Late on Saturday evening, major cryptocurrency exchange Coinbase detected an attack on the Etheruem Classic blockchain.

Coinbase’s subsequent investigation showed that the network had fallen victim to a so-called 51% attack, in which the attackers stole 219,500 ETC – roughly the equivalent of $1.1m.

In response, Coinbase froze transactions on the ETC blockchain. But the Ethereum Classic attack raises serious questions about the security of blockchain and its supposedly permanent ledger of transactions.

How damaging is the attack for blockchain’s reputation, and should other cryptocurrencies running on other blockchains be worried?

How did the Ethereum Classic attack happen?

First, it is worth exploring how the attack could have been carried out. As the name suggests, a 51% attack – or rollback attack – requires at least 51% control of the miners on the network.

In short, a hacker will need more computer power, or hashrate, than the rest of the network combined.

This means, in theory, any blockchain network that uses the proof-of-work system to create new blocks, which includes Bitcoin and Ethereum, could be susceptible to a 51% attack. But larger cryptocurrencies, such as Bitcoin, require a lot more computing power to take control of the network.

According to one estimate, it would require 2.4 million of the most advanced Bitcoin mining computers to compromise the network and roughly the same amount of electricity that is consumed by the whole of Morocco.

But with smaller and less established blockchain networks, the amount of computing power required to carry out a successful 51% attack is far lower. And the way to carry out such attacks can be surprisingly affordable – thanks to mining pools.

Mining pools can cripple a network

Because it has become increasingly difficult for miners to generate a block and earn the cryptocurrency reward, miners have pooled their resources in so-called mining pools. These mining pools can be rented out, giving the buyer control of the sum power of this pool.

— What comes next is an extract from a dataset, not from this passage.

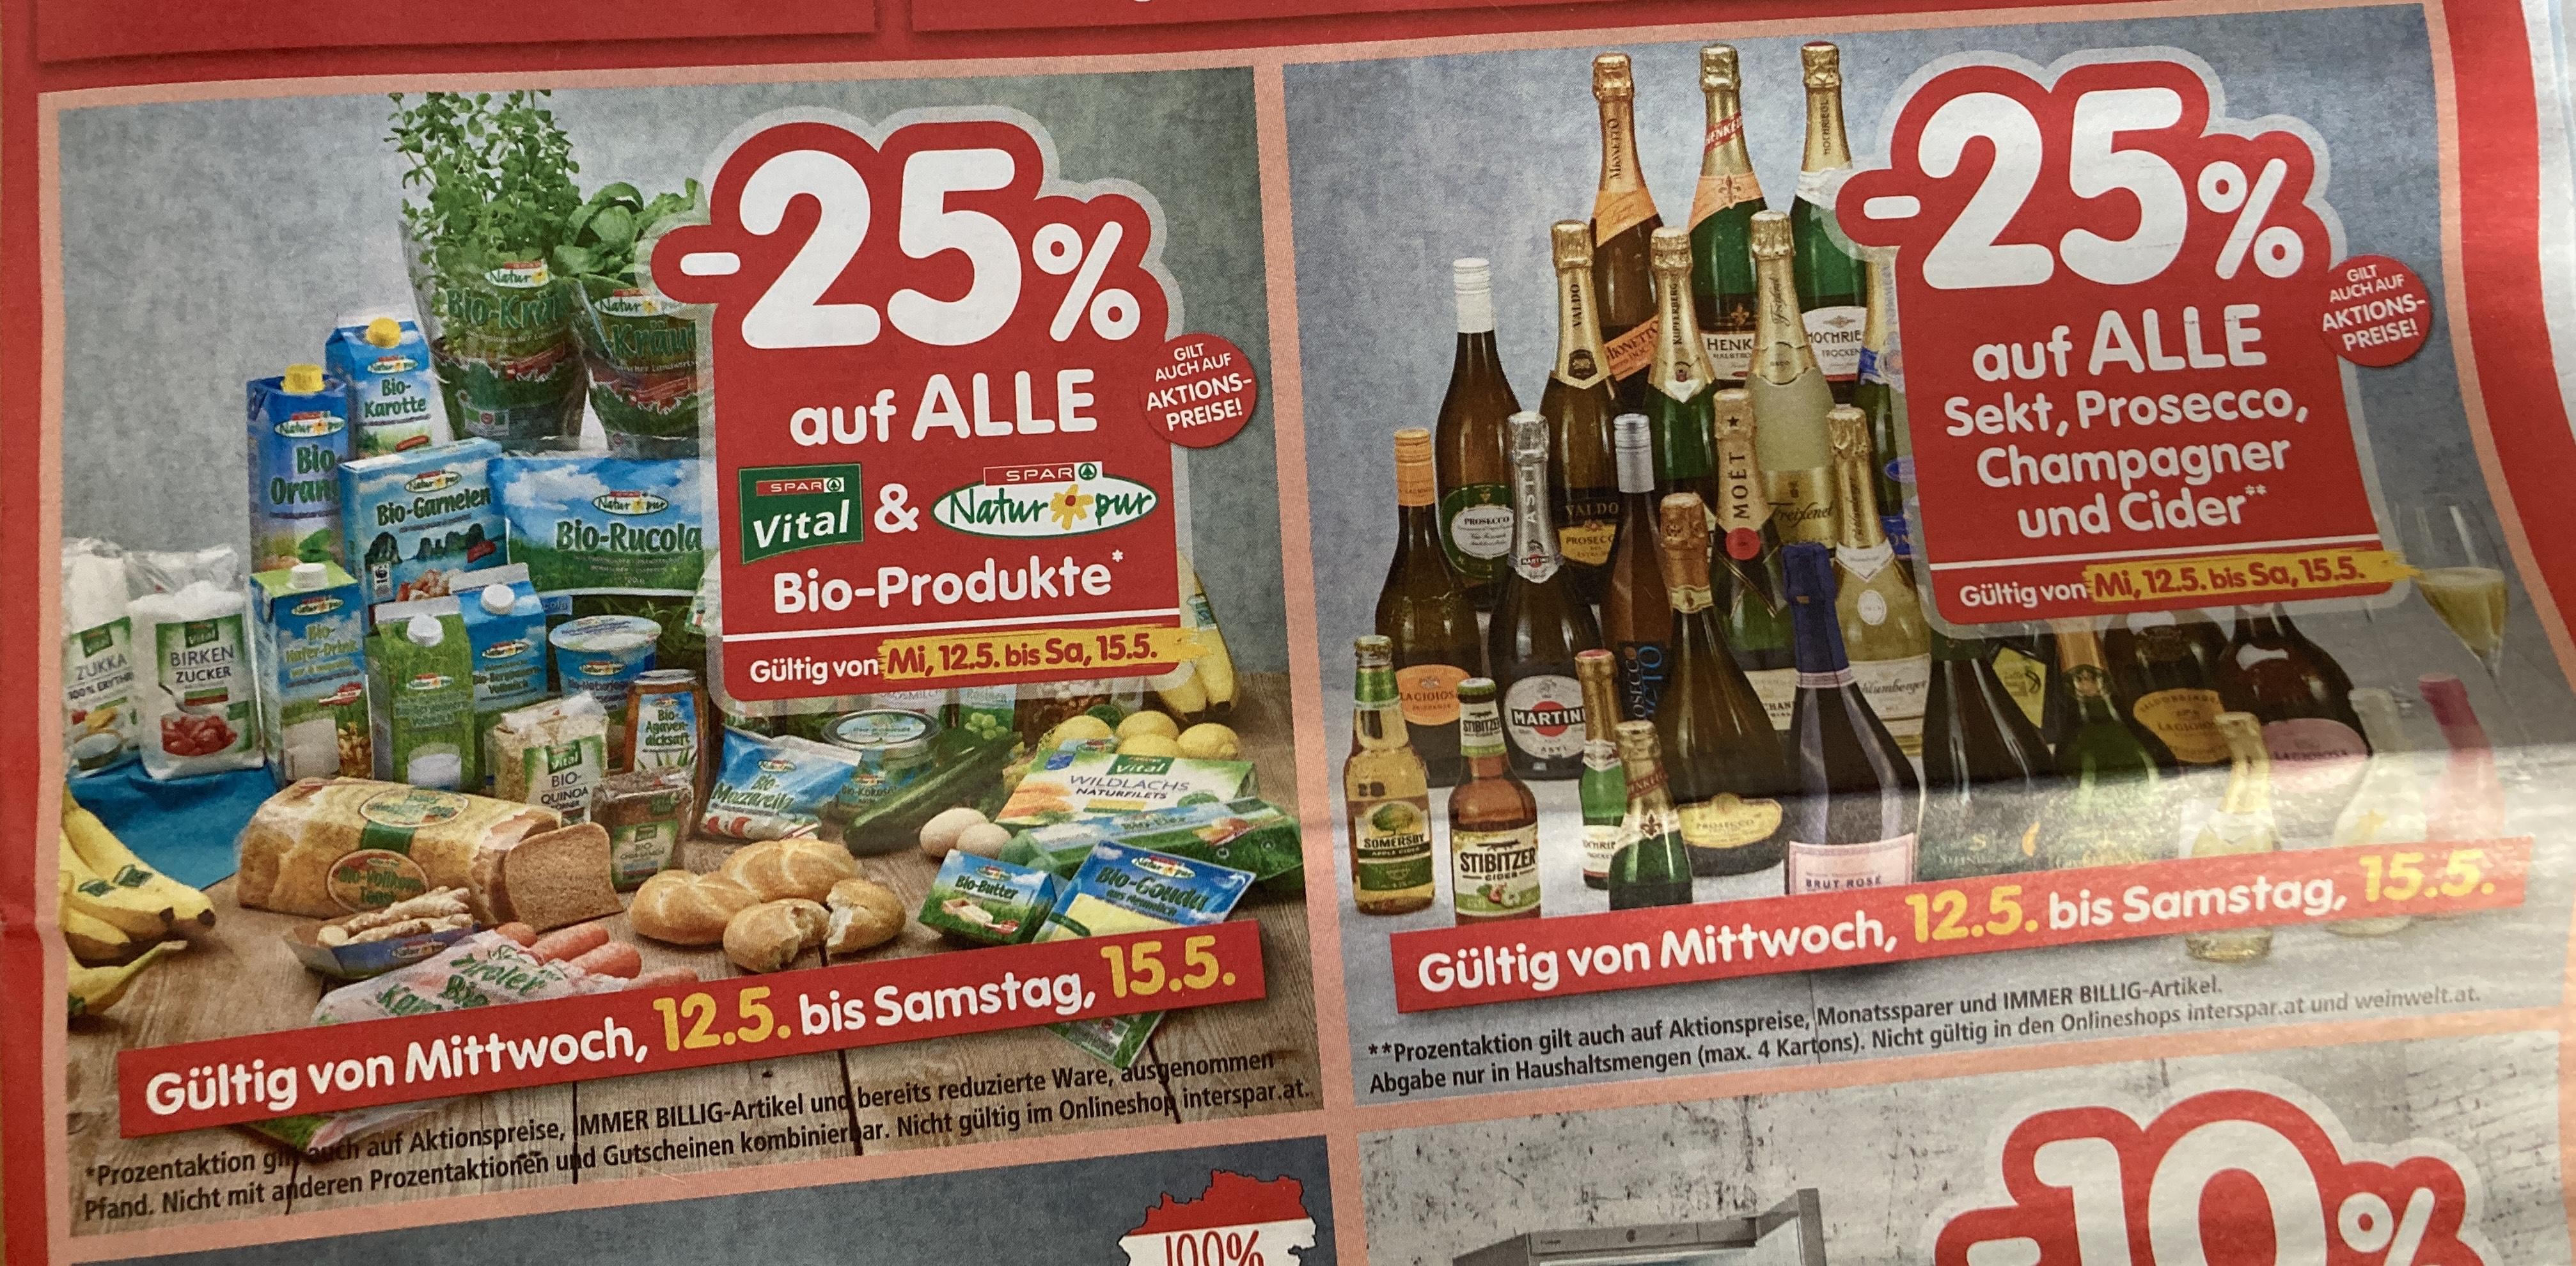 "INTERSPAR - 25% auf alle ""Spar Vital"" & ""Spar Natur pur"" Produkte & alle Sekt, Prosecco, Champagner und Cider"

“Based on current estimated prices on nicehash.com, an attack on ETC would require roughly $65,000 dollars a day to implement at current difficulty levels,” says Ben Schmidt, CSO at PolySwarm a cybersecurity marketplace that runs on the Ethereum blockchain and rewards white hat hackers with cryptocurrency.

“With this power, attacks can fool exchanges into approving transactions of a much larger dollar amount, making it potentially quite profitable.”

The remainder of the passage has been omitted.